Data for review below:

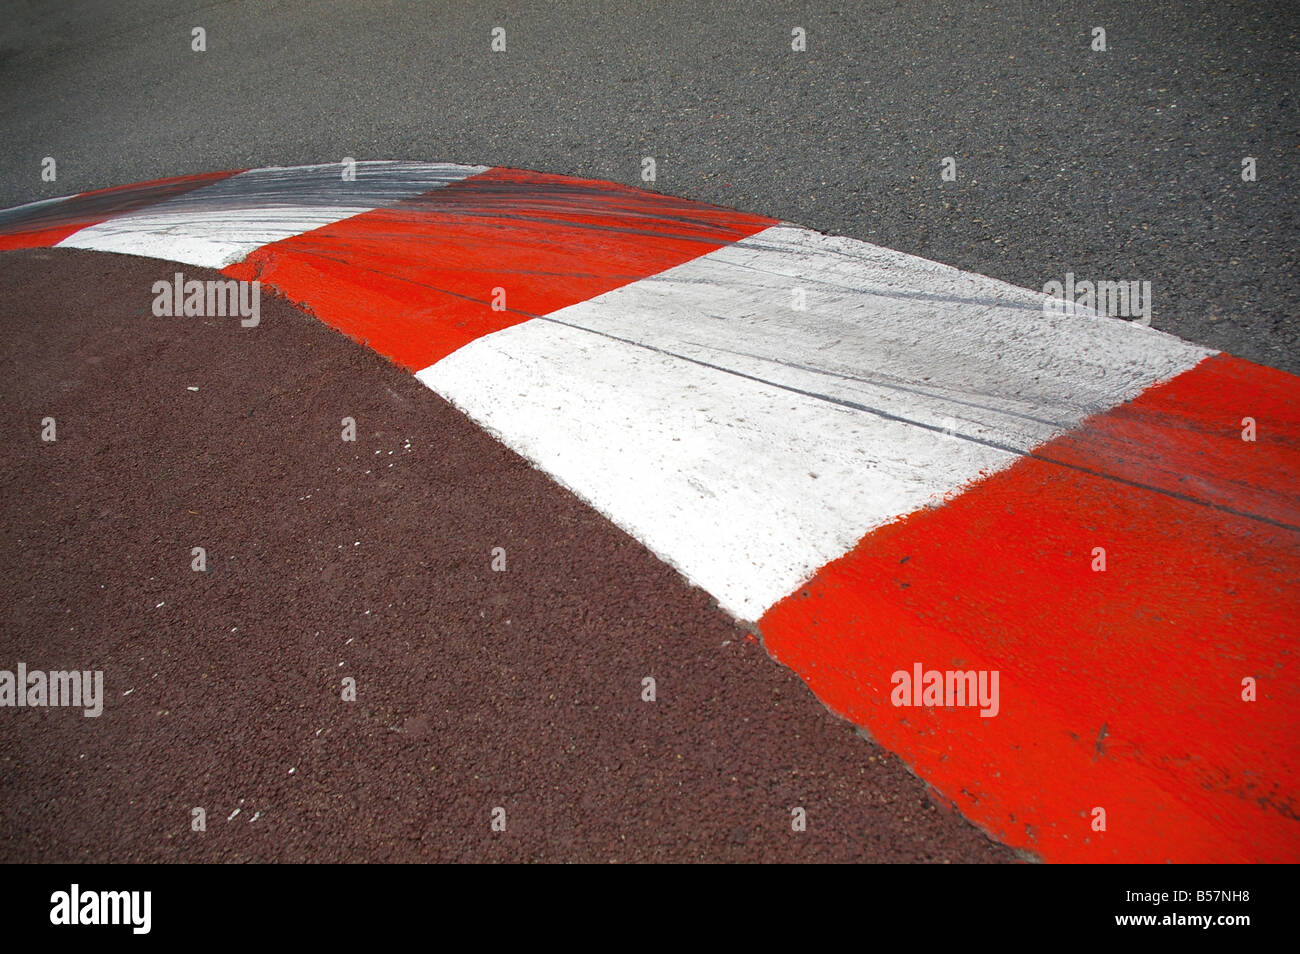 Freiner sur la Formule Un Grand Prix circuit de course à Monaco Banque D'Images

End of Data for review.
Data for review below:

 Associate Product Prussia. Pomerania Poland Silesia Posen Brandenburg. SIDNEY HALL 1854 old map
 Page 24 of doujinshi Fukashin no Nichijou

End of Data for review.
Data for review below:

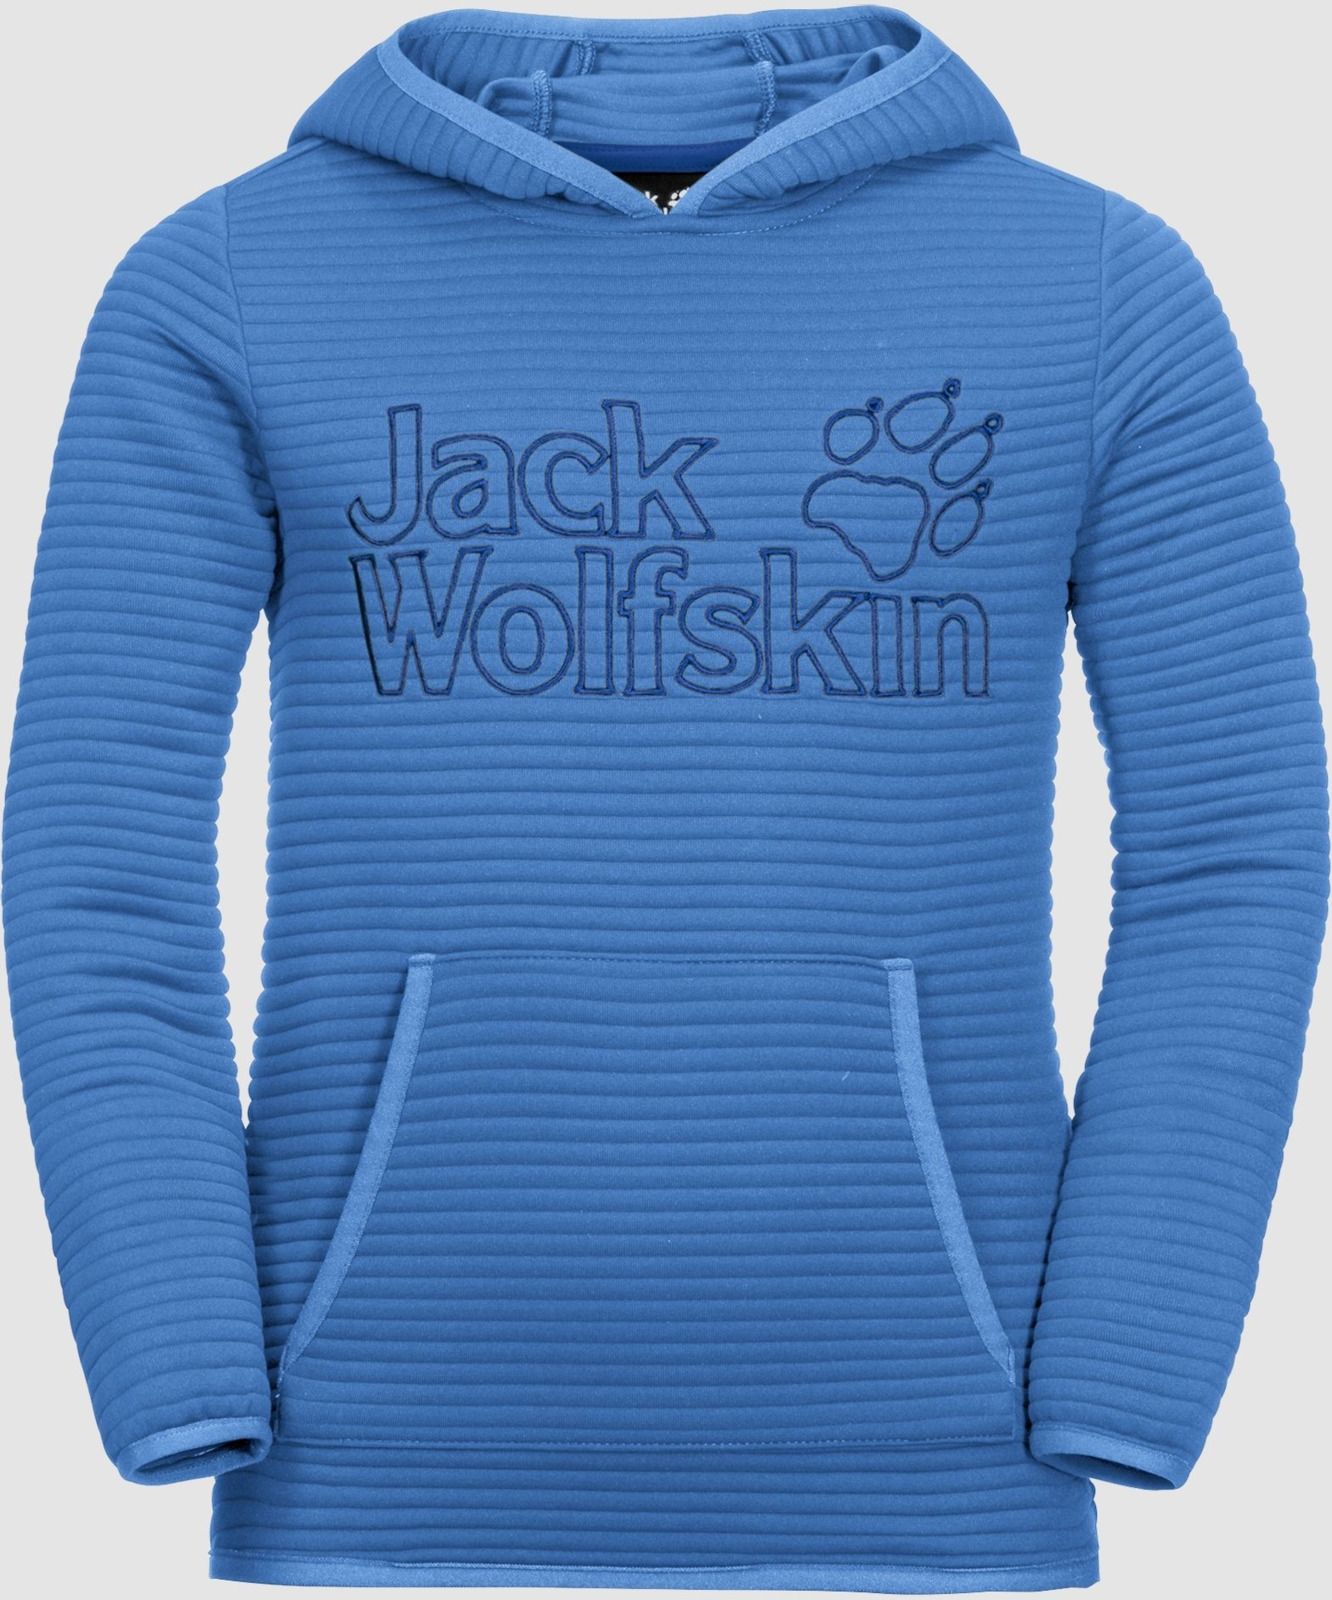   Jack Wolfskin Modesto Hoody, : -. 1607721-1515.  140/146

End of Data for review.

■ Activity ■
In the listing above, locate the line containing "Associate Product Prussia." and the line containing "Page 24 of doujinshi Fukashin no Nichijou", then transcribe both and every line between them verbatim.

■ Answer below ■
 Associate Product Prussia. Pomerania Poland Silesia Posen Brandenburg. SIDNEY HALL 1854 old map
 Page 24 of doujinshi Fukashin no Nichijou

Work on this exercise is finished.